[[ SOURCE MATERIAL open ]]

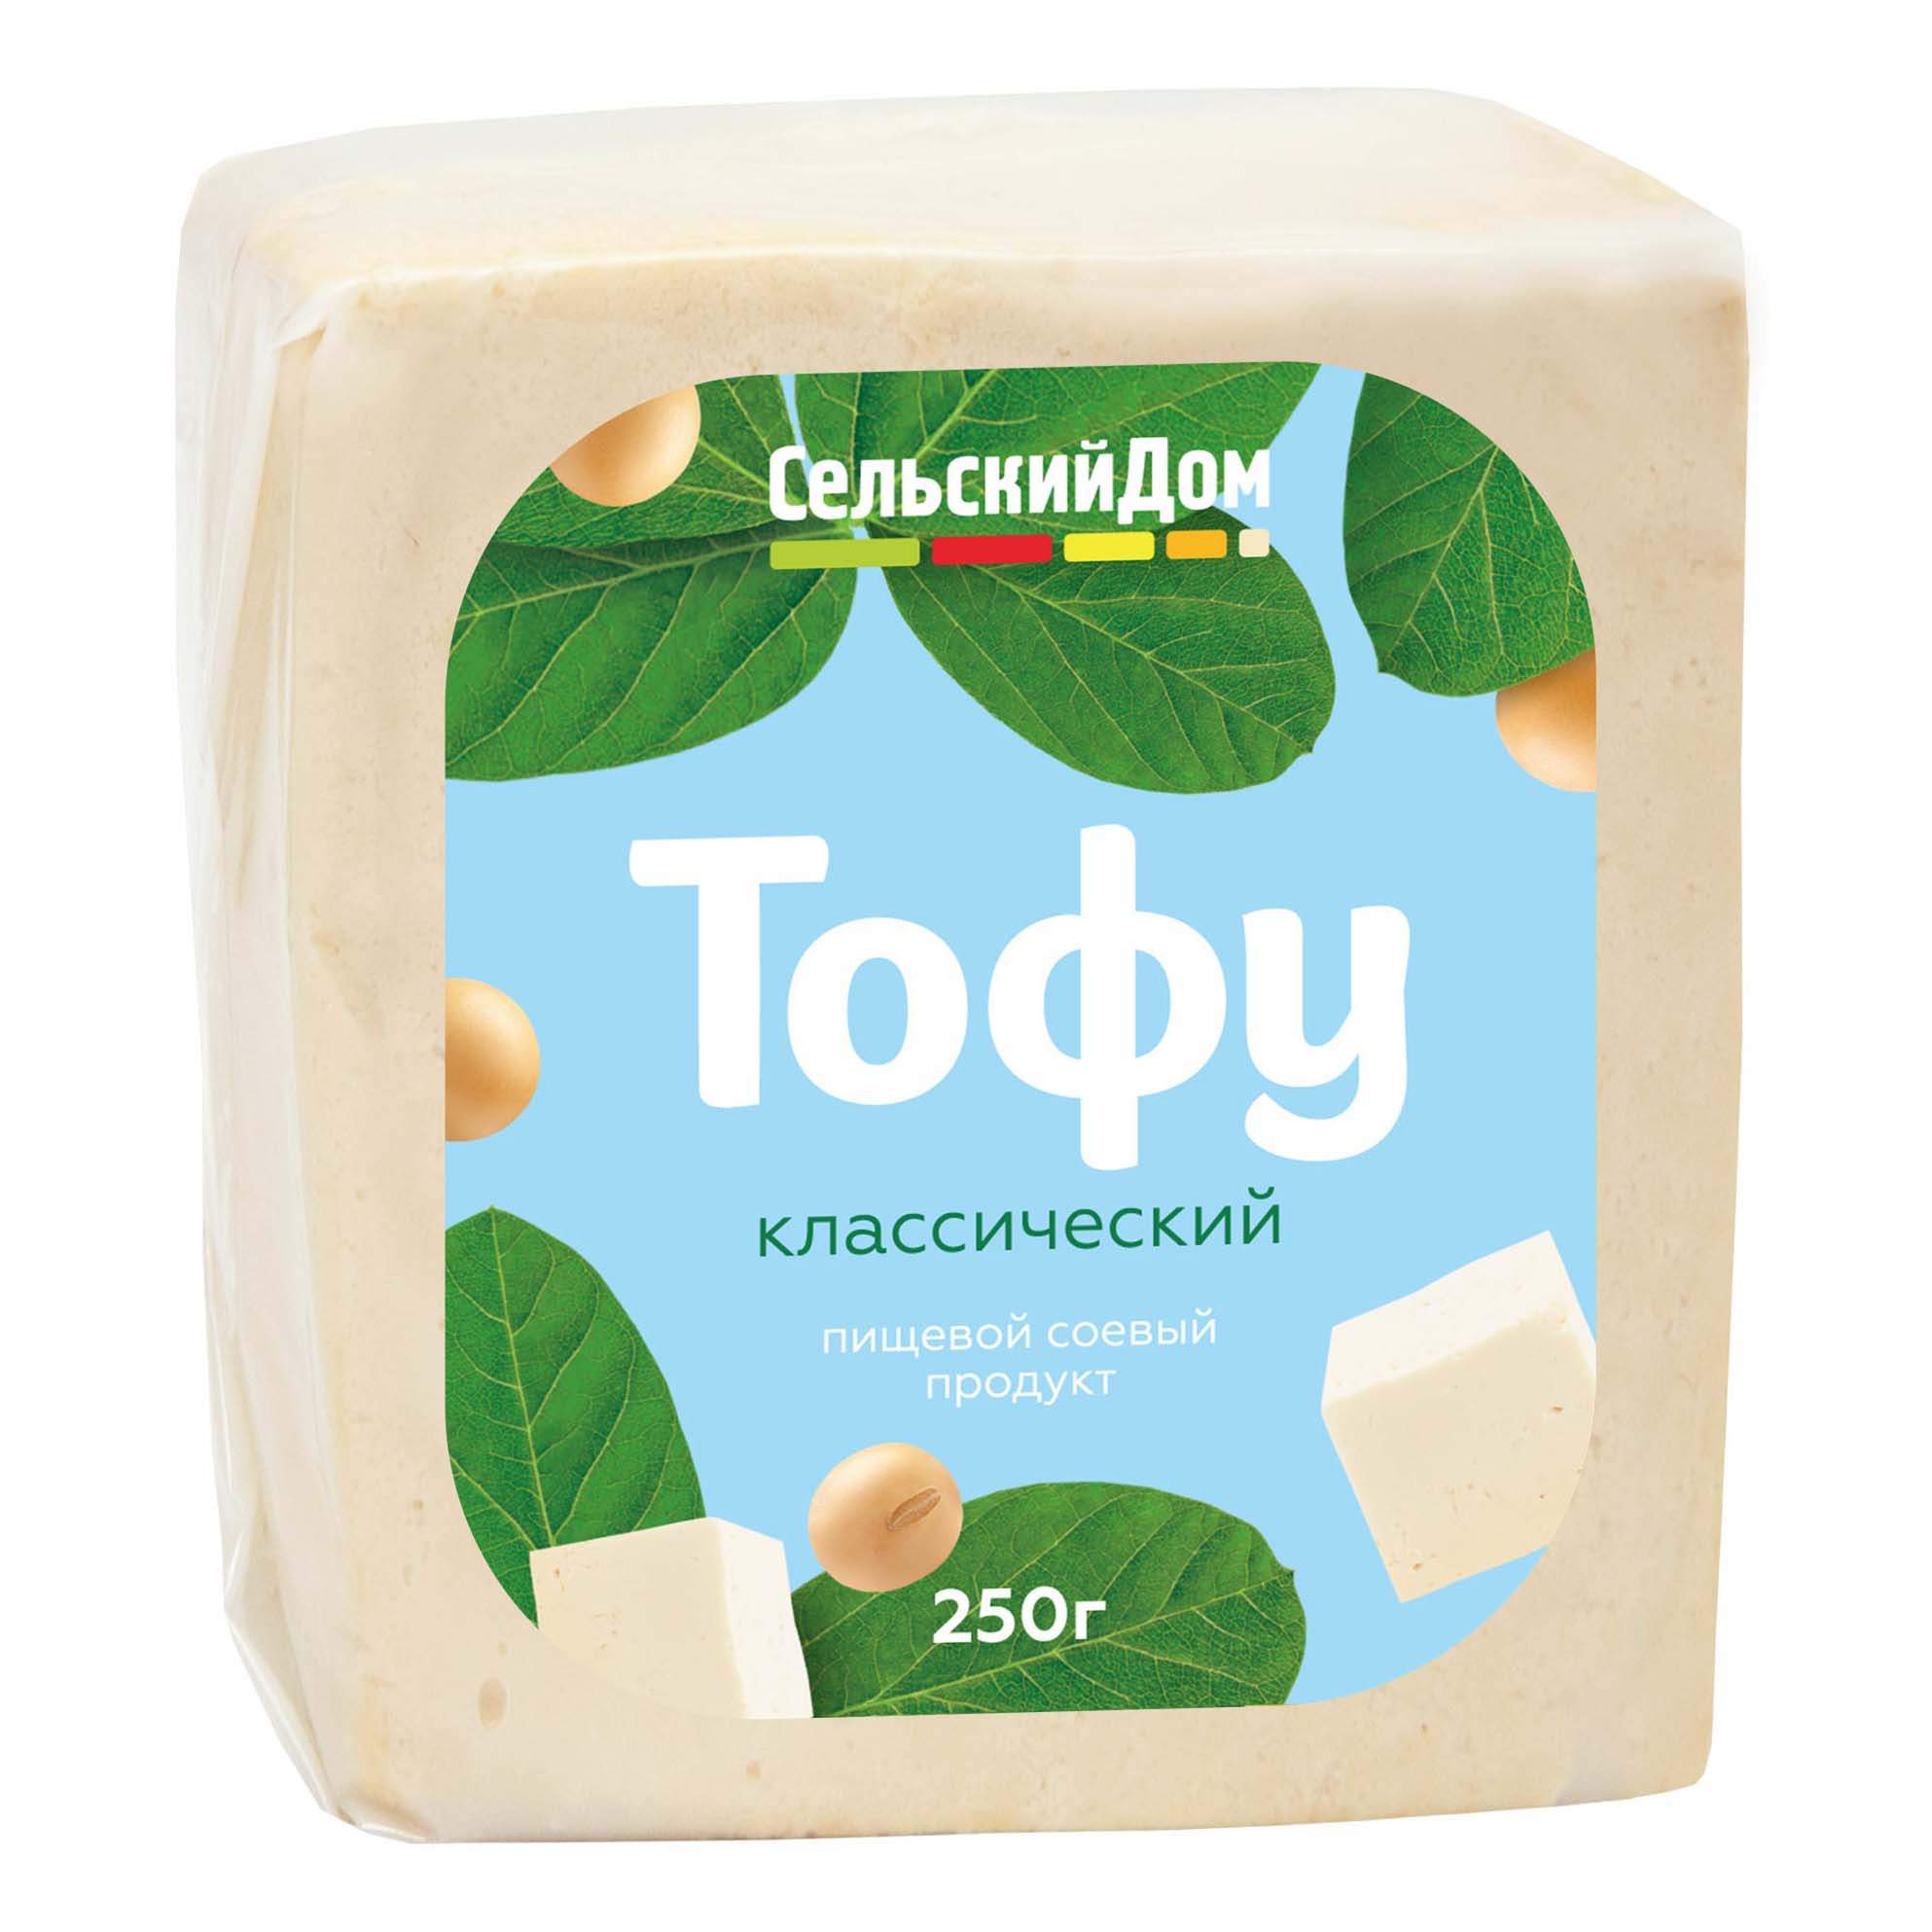 Купить растительный аналог сыра Сельский Дом Тофу классический 4,8%0 г, цены на Мегамаркет | Артикул: 100044289097
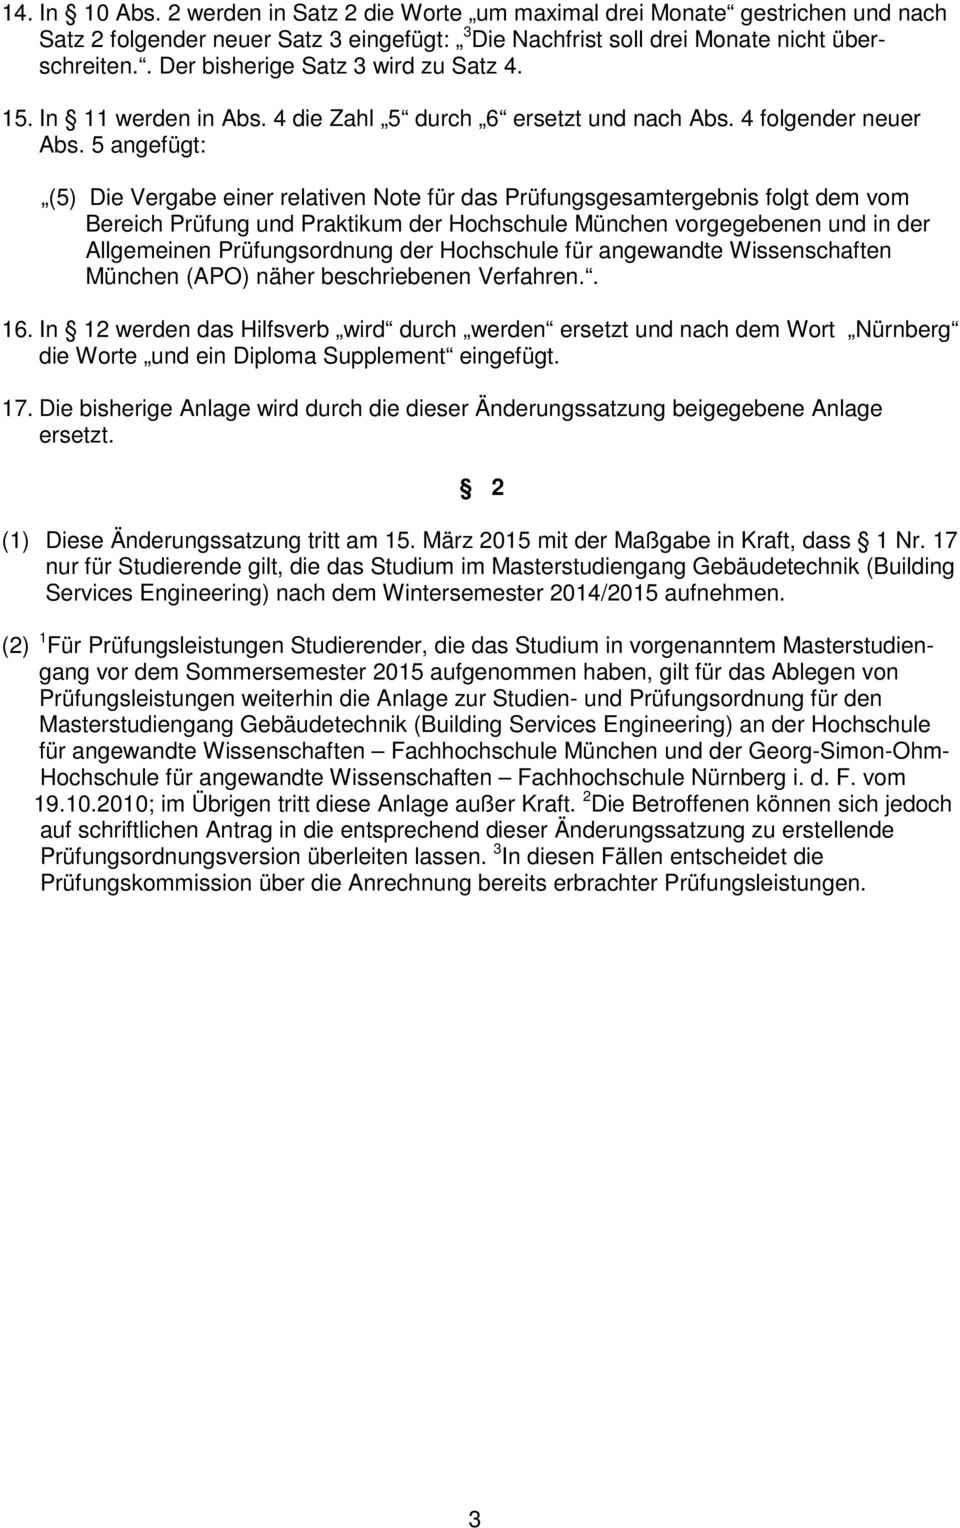 5 angefügt: (5) Die Vergabe einer relativen Note für das Prüfungsgesamtergebnis folgt dem vom Bereich Prüfung und Praktikum der Hochschule München vorgegebenen und in der Allgemeinen Prüfungsordnung
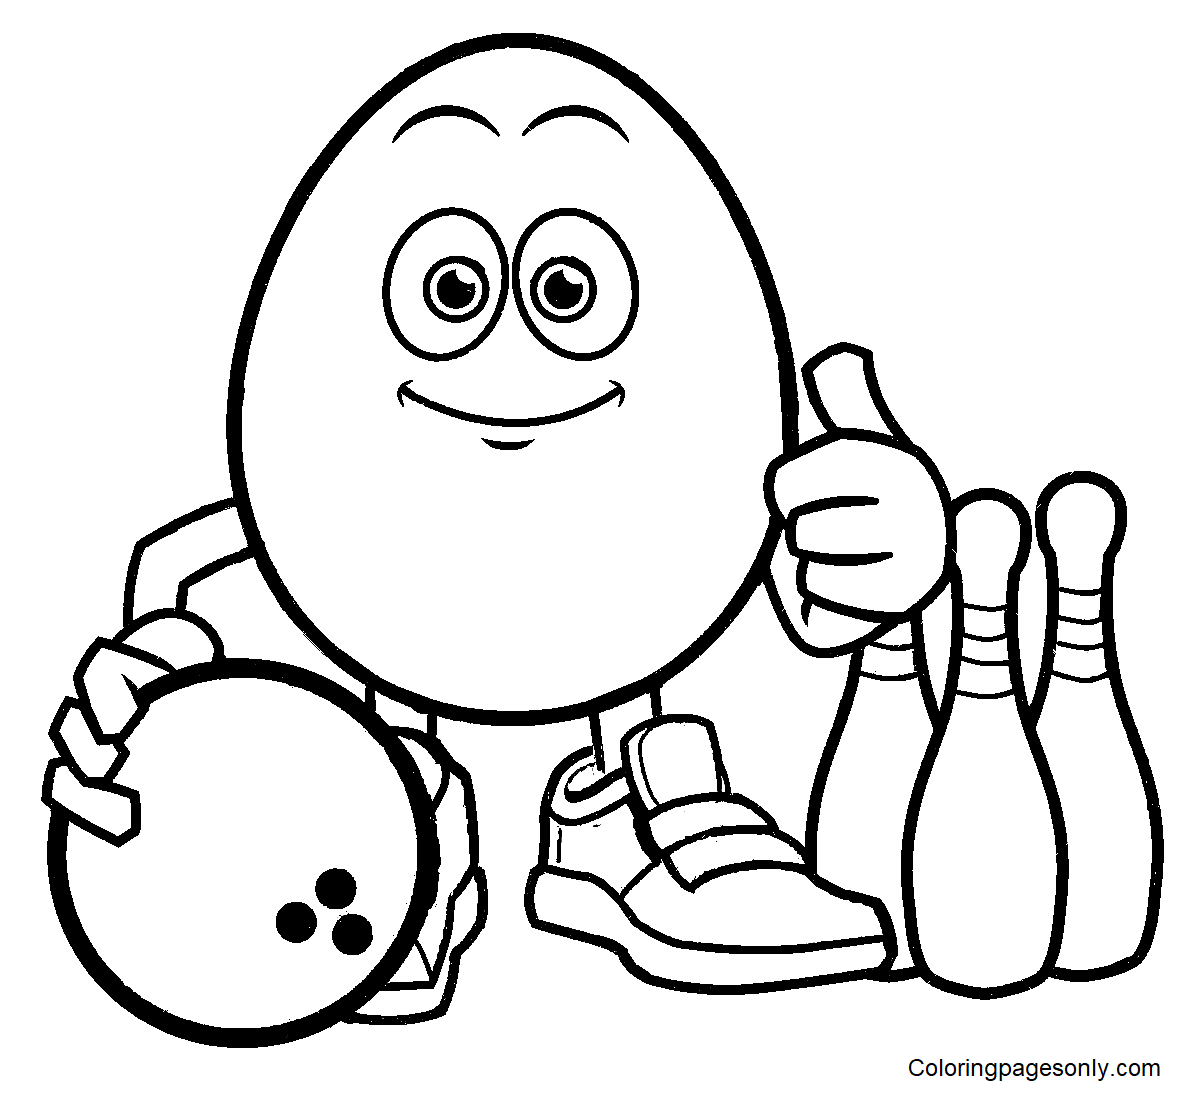 Раскраска Яйцо играет в боулинг

[[ SOURCE MATERIAL closed ]]

=== INSTRUCTIONS FOR THE TASK ===
Without the pictures, transcribe the listing above exactly.

=== PROBLEM SOLUTION ===
 Купить растительный аналог сыра Сельский Дом Тофу классический 4,8%0 г, цены на Мегамаркет | Артикул: 100044289097
 5 angefügt: (5) Die Vergabe einer relativen Note für das Prüfungsgesamtergebnis folgt dem vom Bereich Prüfung und Praktikum der Hochschule München vorgegebenen und in der Allgemeinen Prüfungsordnung
 Раскраска Яйцо играет в боулинг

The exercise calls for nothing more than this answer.